The tower condition is handled by a protruding cantilever that extends over the crossroads, creating a visual presence that reads from a distance. The plaza condition is embedded inside: a full-height atrium at the center of the building functions as an internal gathering space — bringing natural light and ventilation deep into the plan, and providing the social infrastructure of a public square within a private building.

Environmental Facade

The primary design challenge was a curvilinear facade envelope designed to respond to solar geometry rather than to orthogonal building convention. Continuous exterior shading elements wrap the building’s perimeter, and their inclination angle is not constant: it transitions from vertical at the east and west facades — where low morning and evening sun requires vertical deflection — to horizontal at the south facade, where high midday sun requires overhead shielding.

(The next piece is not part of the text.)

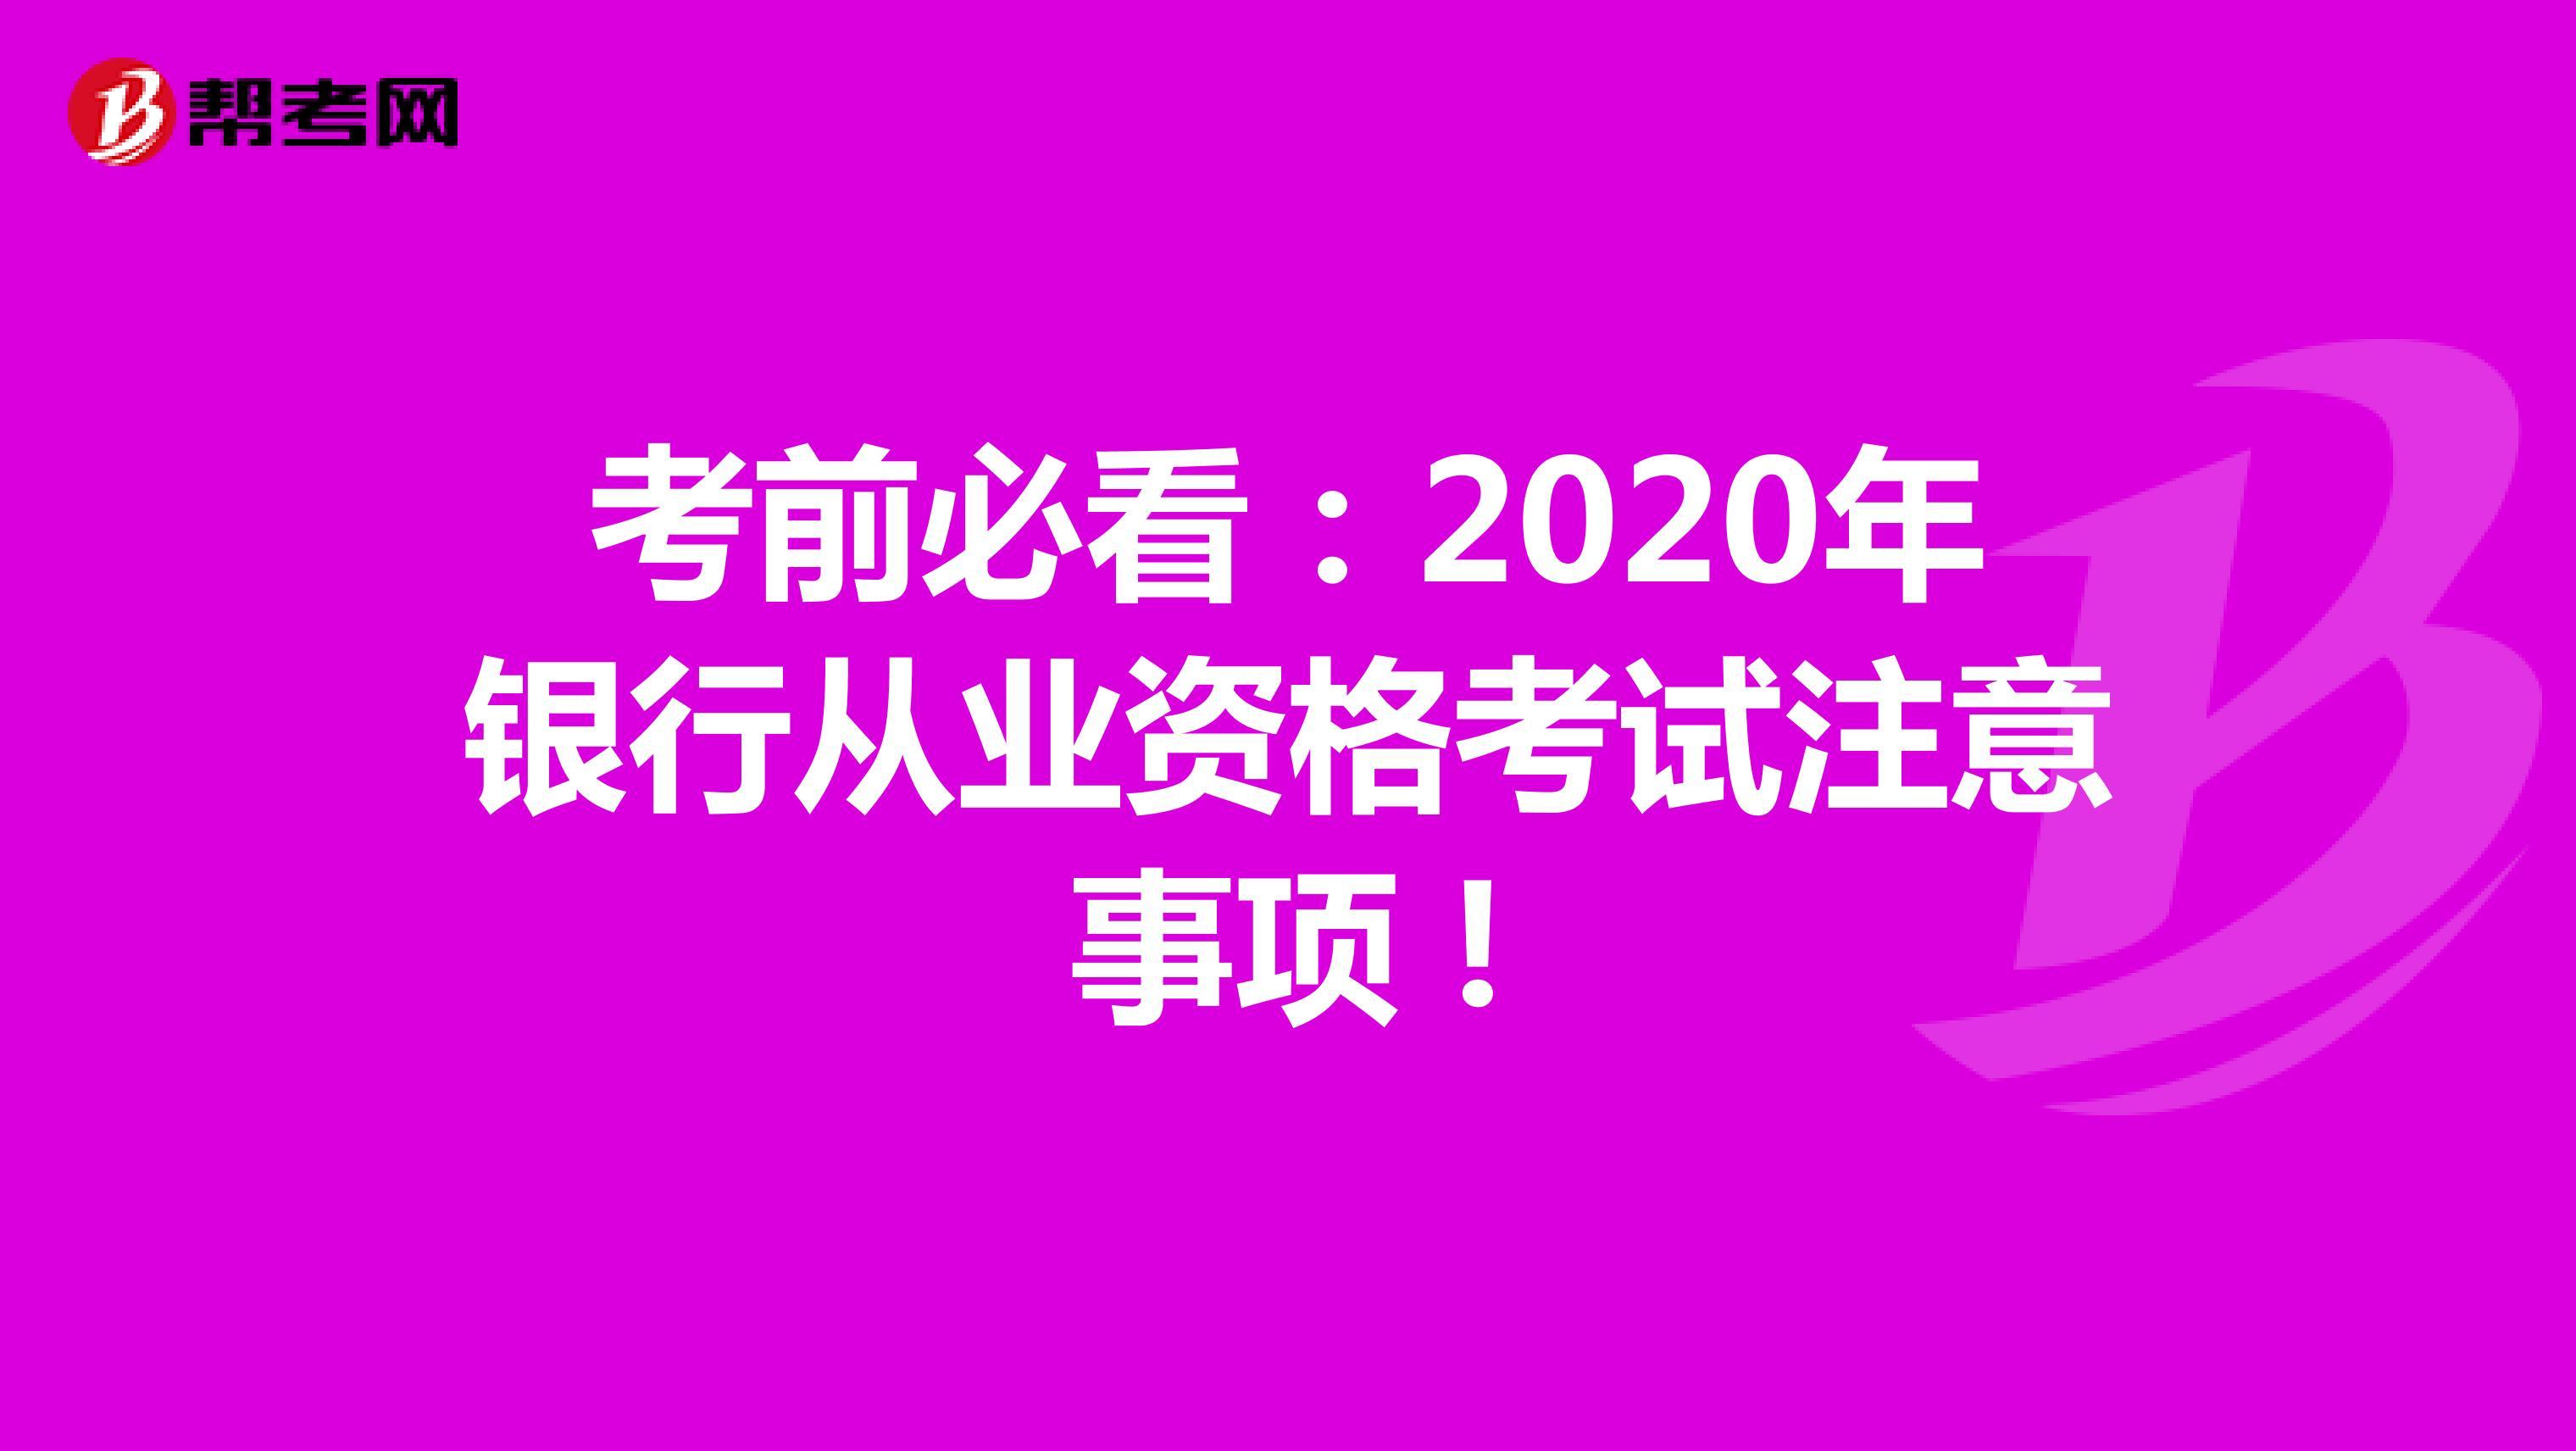 考前必看:2020年银行从业资格考试注意事项 !
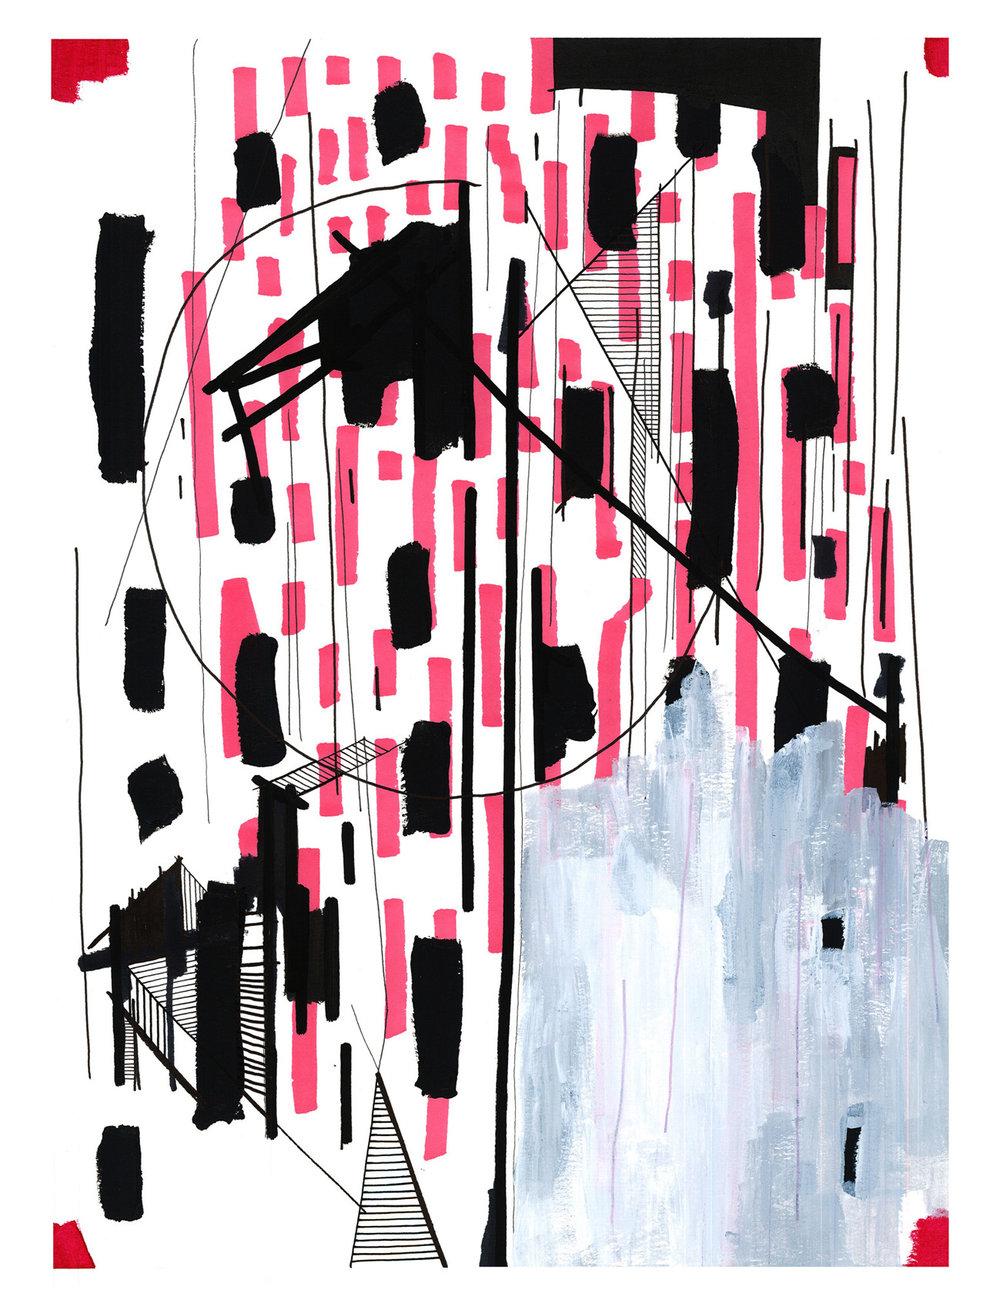 acrilico y tinta sobre papel - 40x30cm - R P L .jpg

The transition is continuous and computationally optimized: the inclination of each shading element is tuned to the angle of incidence of direct sunlight at that specific position on the facade, at the critical hours of the year. The result is a building whose envelope documents its own solar logic — every panel angle is a record of environmental data.

Ground Floor: Belonging to the City

The ground floor operates as civic infrastructure. Co-working space, a café, and a spacious lobby are organized around the base of the atrium, accessible to the public independently of the office program above. The building has separate entrances and elevator cores that allow the workspace to function quietly even when the roof garden or ground floor café is hosting events.

The upper floors divide along a plan logic driven by the site geometry: the eastern side is organized as free-plan open office, while the western side is subdivided into enclosed rooms. Each floor includes resting zones with views into the city and planting integrated into the section.

Technical Resolution: Facade Details

The facade was developed to full industry specification level — a detailed component assembly resolved at construction drawing depth.

Transparent system — Curtain Wall:

  • Tempered fin glass (300×40mm) by Oldcastle BuildingEnvelope
  • Aluminum stackwall channel framing with threaded rod anchorage
  • ISOVER IBR K 4+ Fiberglass insulation (λ = 0.039 W/mK)
  • Rigid thermal insulation Rock Mineral Wool 80mm (λ = 0.034 W/mK)
  • CONSTRUCTION SPECIALITIES SF400 expansion joints at slab edges
  • Anodised aluminium sheet cladding with structural silicone
  • TATE LFFH raised access floor system (pedestal + panels + wooden finish tiles)
  • Radiant heating system (Radiafloor) integrated into the raised floor

Opaque system — Aluminium Rainscreen Cladding:

  • ALUCOBOND ACP panel with anodised aluminium finish
  • EPDM waterproofing membrane 3mm
  • Rigid thermal insulation Rock Mineral Wool 150mm
  • XLPE polystyrene backup insulation
  • EJOT self-drilling screws with polypropylene anchors
  • Wall bracket system with thermal stop for thermal separation
  • Terracotta roofing tiles 300×200×10mm at roof level

The curtain wall detail resolves the transition between transparent glazed sections and rainscreen panels — a junction that requires careful management of thermal bridging, differential movement, and continuity of the air barrier across dissimilar system types.